In extended coding sessions, that advantage evaporates into the over-thinking loops. After one or two user queries, the reasoning phase runs (even when turned off), and loops continually in a state of indecision. Code tends not to get written and when it is, it’s not very good. Explicit instruction in AGENTS.md or a system prompt to stop after five decision iterations do not help. The model goes into committee and stays there. Faster tokens are no use when they are all indecision.

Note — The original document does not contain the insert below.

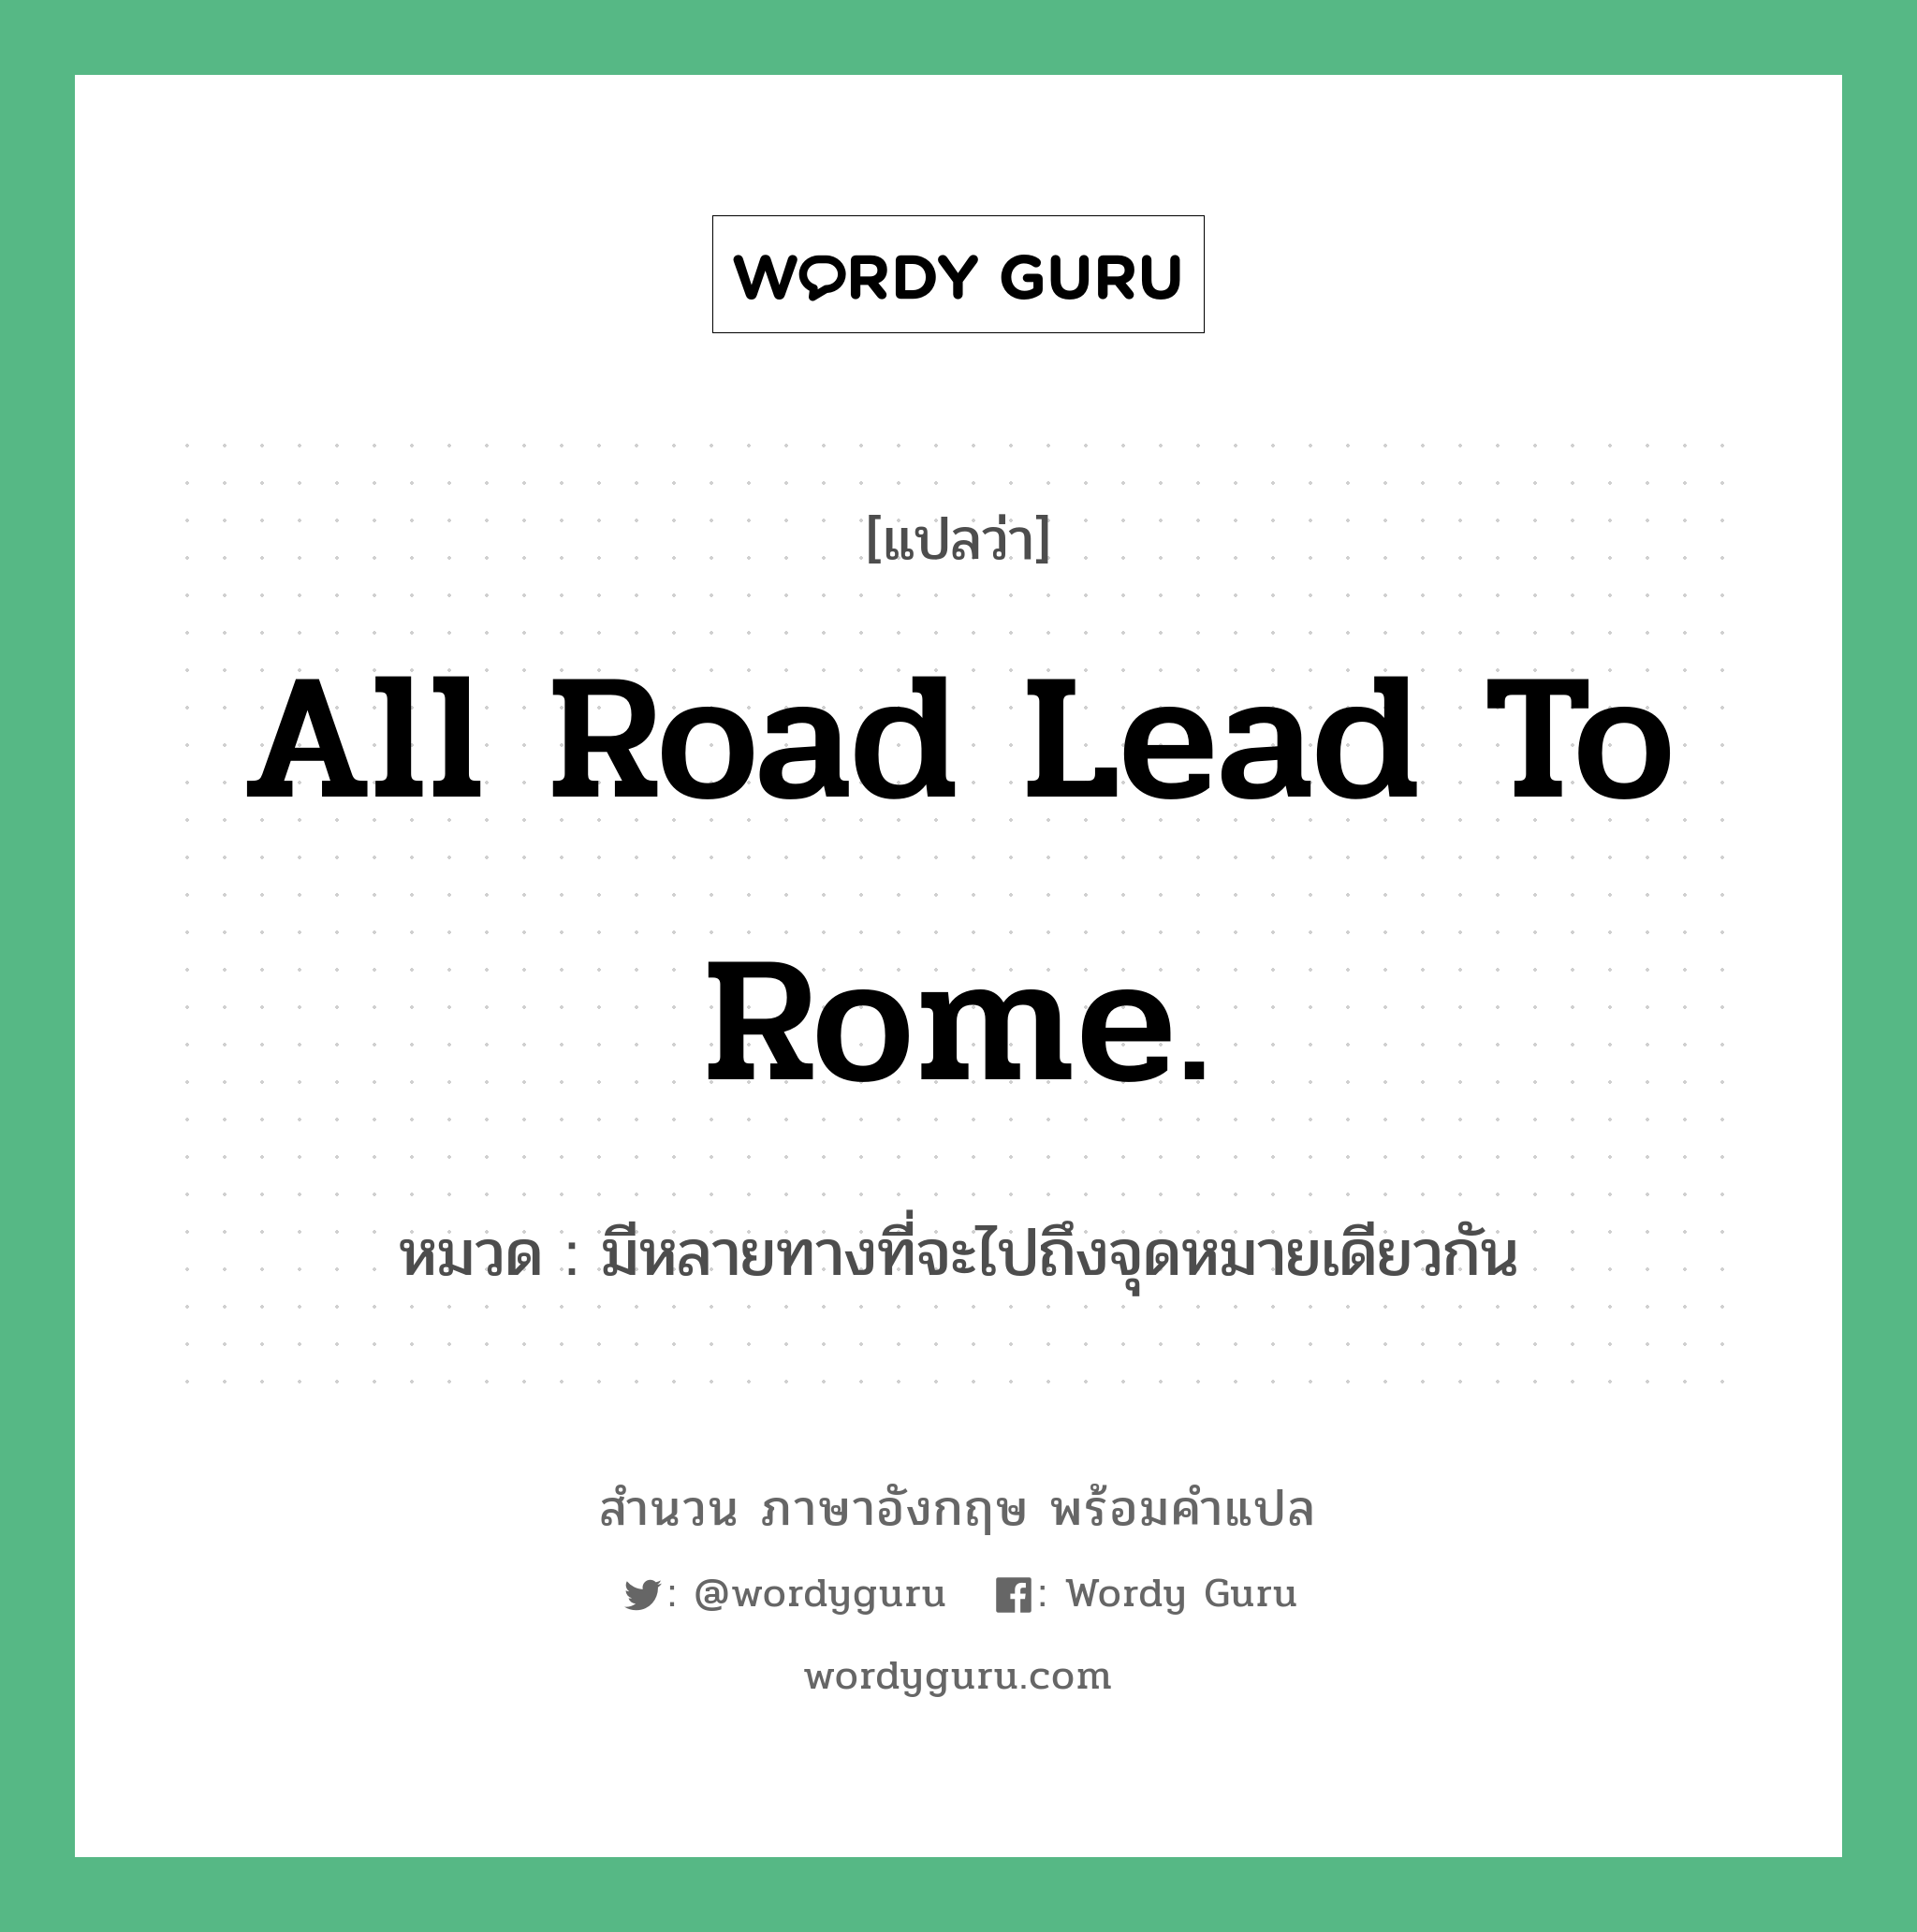 All road lead to Rome. แปลว่า? คำศัพท์ในกลุ่มประเภท คำสุภาษิต ภาษาอังกฤษ, สำนวนภาษาอังกฤษ All road lead to Rome. หมวด มีหลายทางที่จะไปถึงจุดหมายเดียวกัน คำสุภาษิต ภาษาอังกฤษ หมวด คำสุภาษิต ภาษาอังกฤษ

Real coding does not happen in one shot. A session is a thread. It ends when context fills, and the next thread picks up from a handoff: a markdown file that captures what was done, what was decided, and what comes next. The next agent reads it and continues. The work is distributed across threads by design. Plenty of YouTube benchmarks test models by asking for a complete application in a single prompt. That measures something, but not this. The MoE might pass that test. In stepped thread use it compounds its indecision across sessions, building layers of unresolved thinking where a clean decision log belongs.
The UD-Q5_K_XL does not pretend to one-shot anything. It is built for thread-by-thread, step-by-step work: a harness that keeps state, conventions captured in project lore, handoff documents that carry context between threads. Given those tools, it is decisive, follows a thread to completion, and hands off cleanly.
UD-Q5_K_XL is the answer to a different question: what is sweet spot for the best output quality a human can comfortably run locally on 24 GB of VRAM? Imatrix scoring keeps the weights that matter. The result is close to Q6_K quality at Q5_K size. You will notice the difference on tasks where precision is the point: code that handles edge cases on the first pass, explanations that hold their logic across a long document, outputs that do not drift.
The calculation has not changed: your hardware, your terms, no subscription. UD-Q5_K_XL just makes that calculation work out to a better answer.